You are right, Tensor lhs[0] is one dimensional, but to answer you question first let me show what is going on under the hood. TensorContainer does not override the [] operator, instead it uses the one from the parent (which is Tensor), more precisely the following one is called:
MSHADOW_XINLINE Tensor<Device, kSubdim, DType> operator[](index_t idx) const {
return Tensor<Device, kSubdim, DType>(dptr_ + this->MemSize<1>() * idx,
shape_.SubShape(), stride_, stream_);
}
As can be seen it creates a new Tensor on a stack. And while for the most of the cases it will create generic N-dimensional Tensor, here for the 1-dimensional case it will create a special 1-dimensional Tensor.

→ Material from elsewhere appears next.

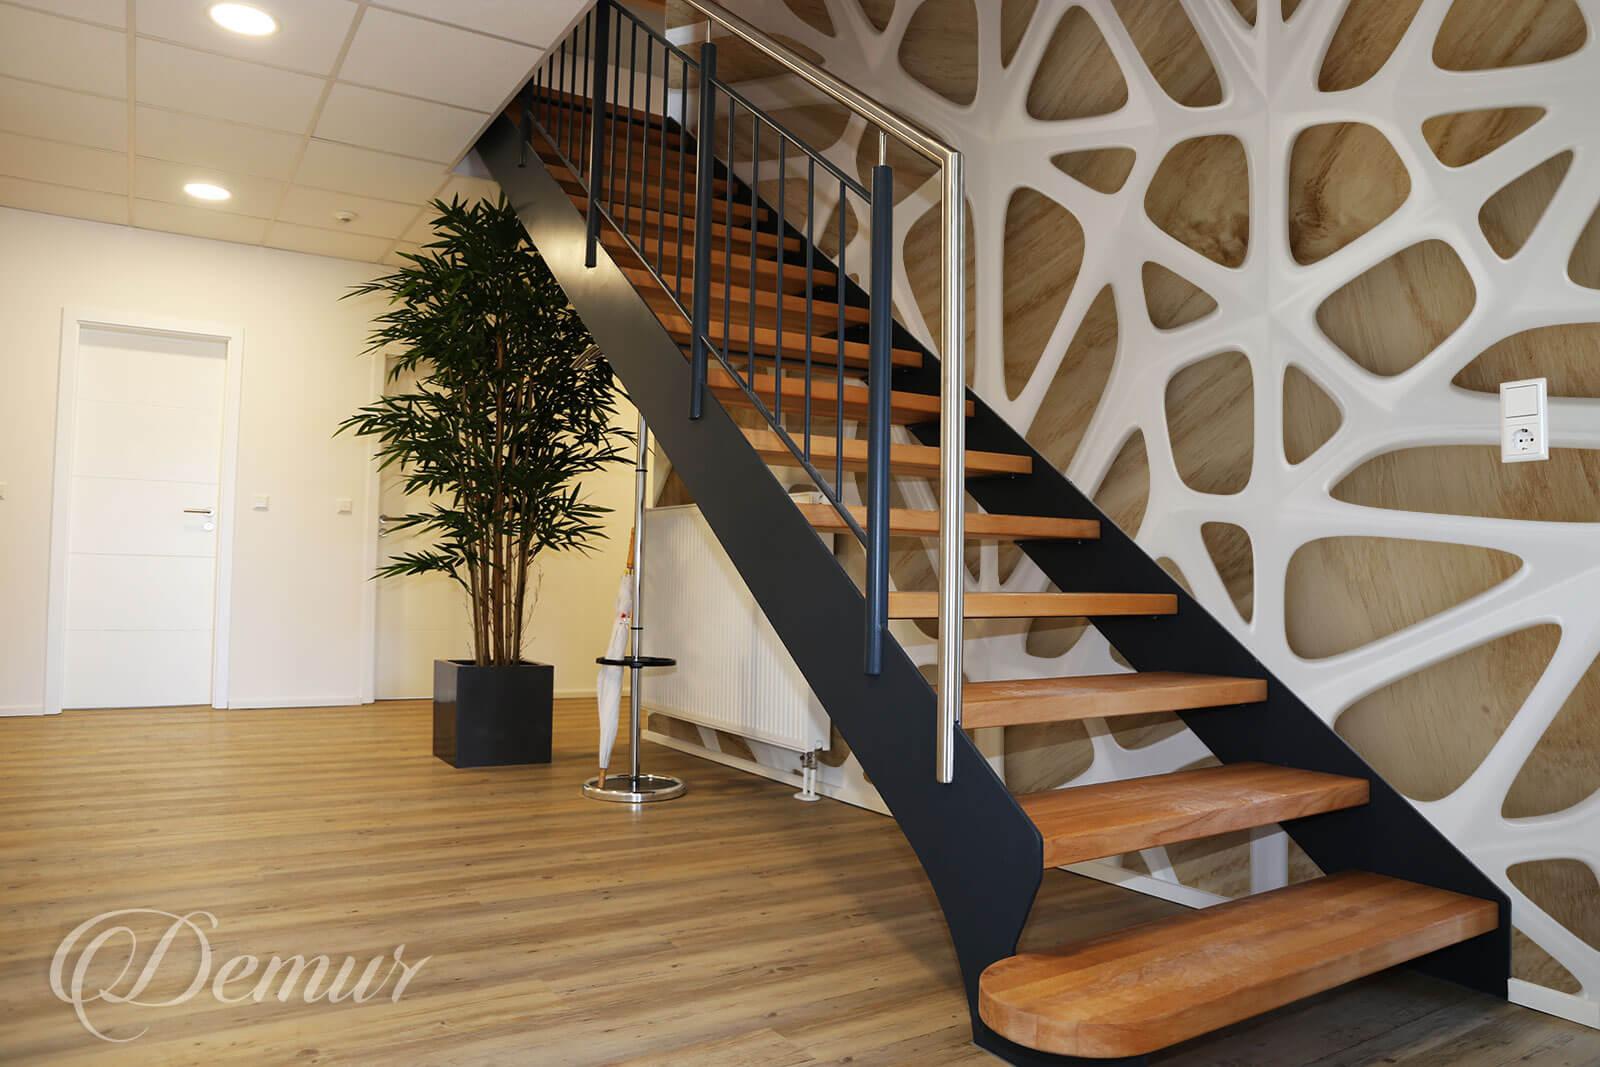 Fototapeta W trójwymiarowej sieci - Fototapety na klatce schodowej - Demur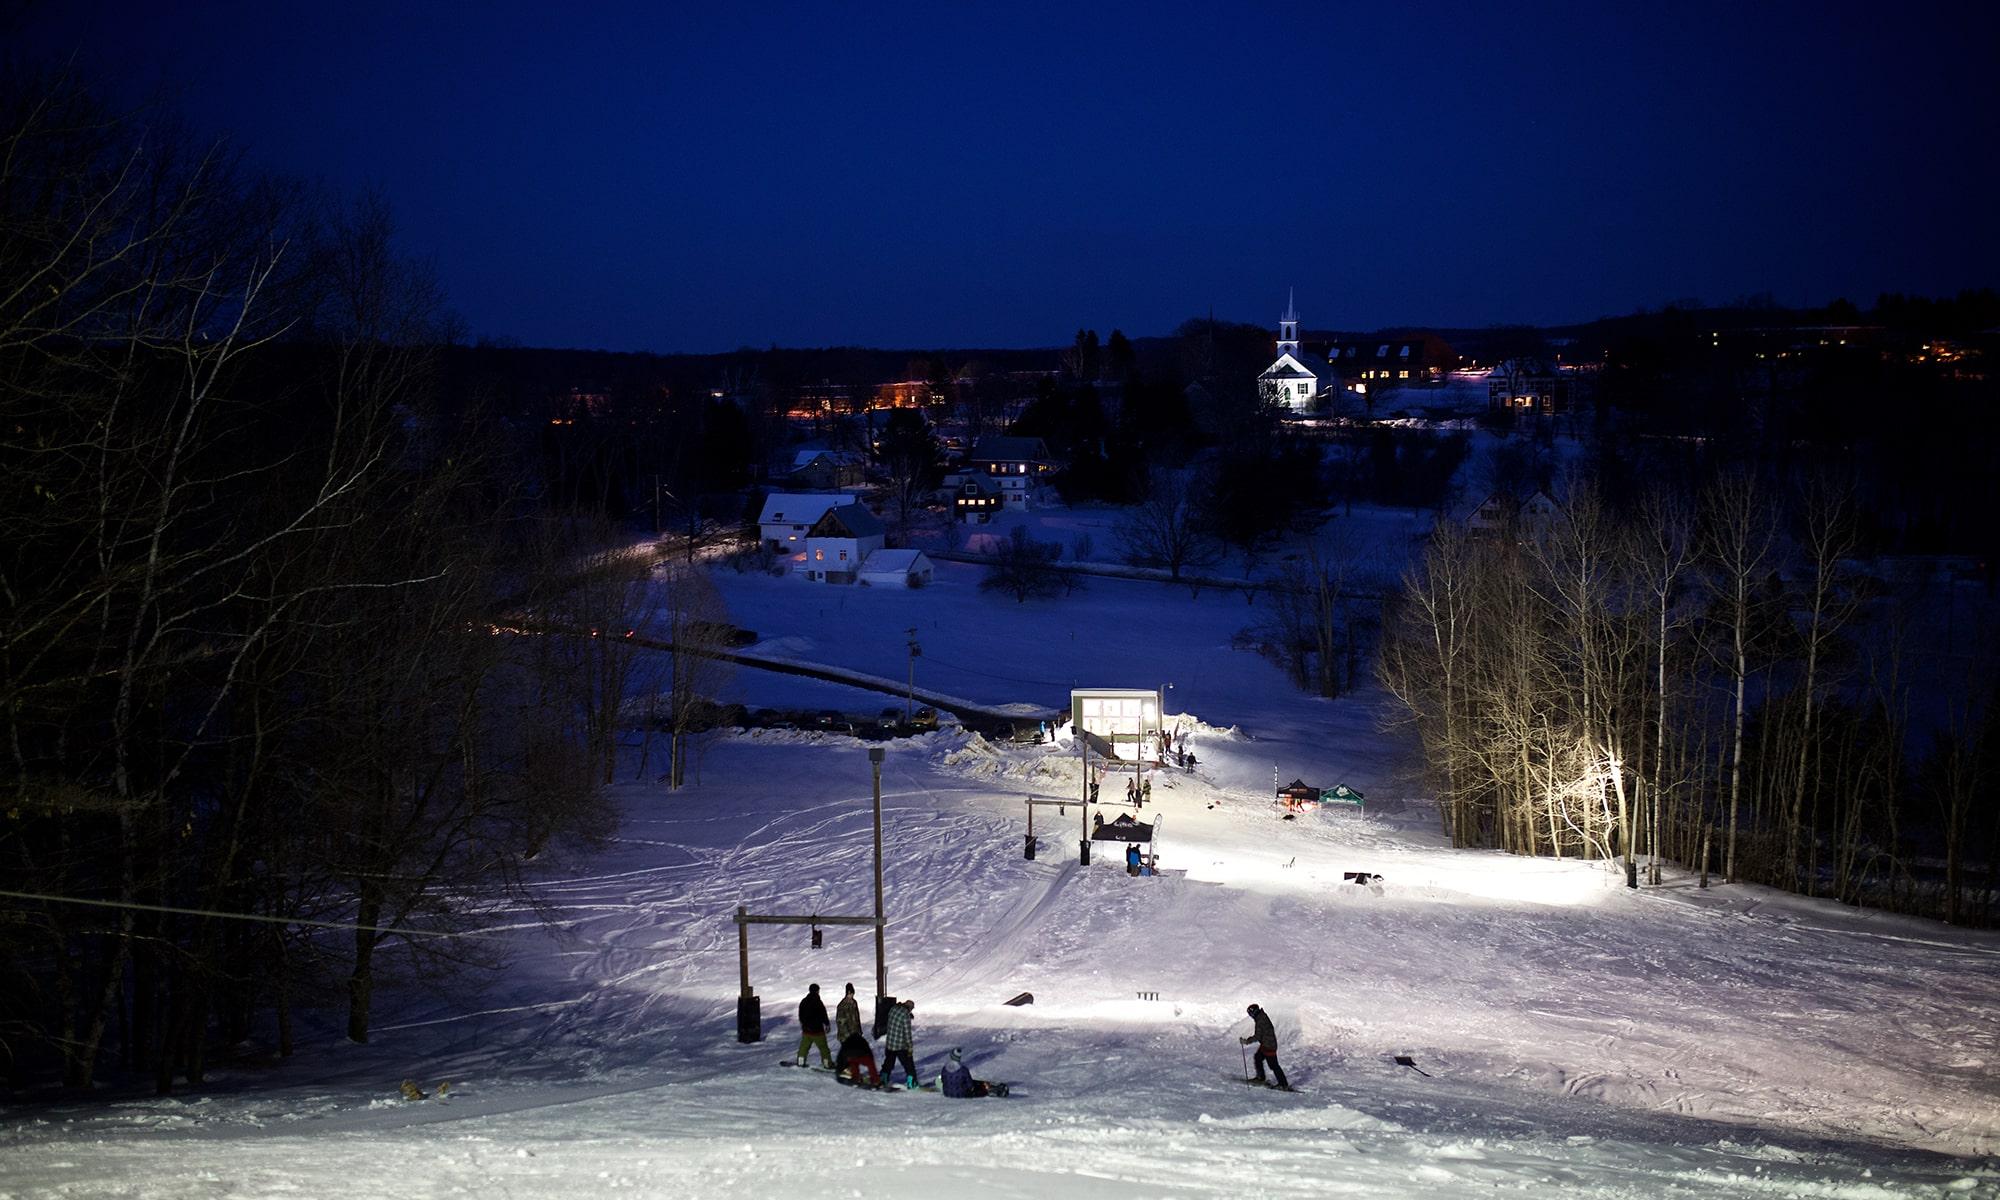 Ski Hill, Randolph Center campus, lights, skiing, boarding

Now ,when we have established what exactly is returned by the operator [], let's look on the fields of that class:
DType *dptr_;
Shape<1> shape_;
index_t stride_;
As can be seen the shape_ here has only 1 dimension! so there is no shape_1, instead by calling shape_1 it will return stride_(or part of it). Here is the modification to the Tensor constructor that you can try to run and see what is actually going on there:
MSHADOW_XINLINE Tensor(DType *dptr, Shape<1> shape,
index_t stride, Stream<Device> *stream)
: dptr_(dptr), shape_(shape), stride_(stride), stream_(stream) {
std::cout << "shape[0]: " << shape[0] << std::endl; // 3
std::cout << "shape[1]: " << shape[1] << std::endl; // 0, as expected
std::cout << "_shape[0]: " << shape_[0] << std::endl; // 3, as expected
std::cout << "_shape[1]: " << shape_[1] << std::endl; // garbage (4)
std::cout << "address of _shape[1]: " << &(shape_[1]) << std::endl;
std::cout << "address of stride: " << &(stride_) << std::endl;
}
and the output:
shape[0]: 3
shape[1]: 0
_shape[0]: 3
_shape[1]: 4
address of _shape[1]: 0x7fffa28ec44c
address of stride: 0x7fffa28ec44c
_shape1 and stride have both the same address (0x7fffa28ec44c).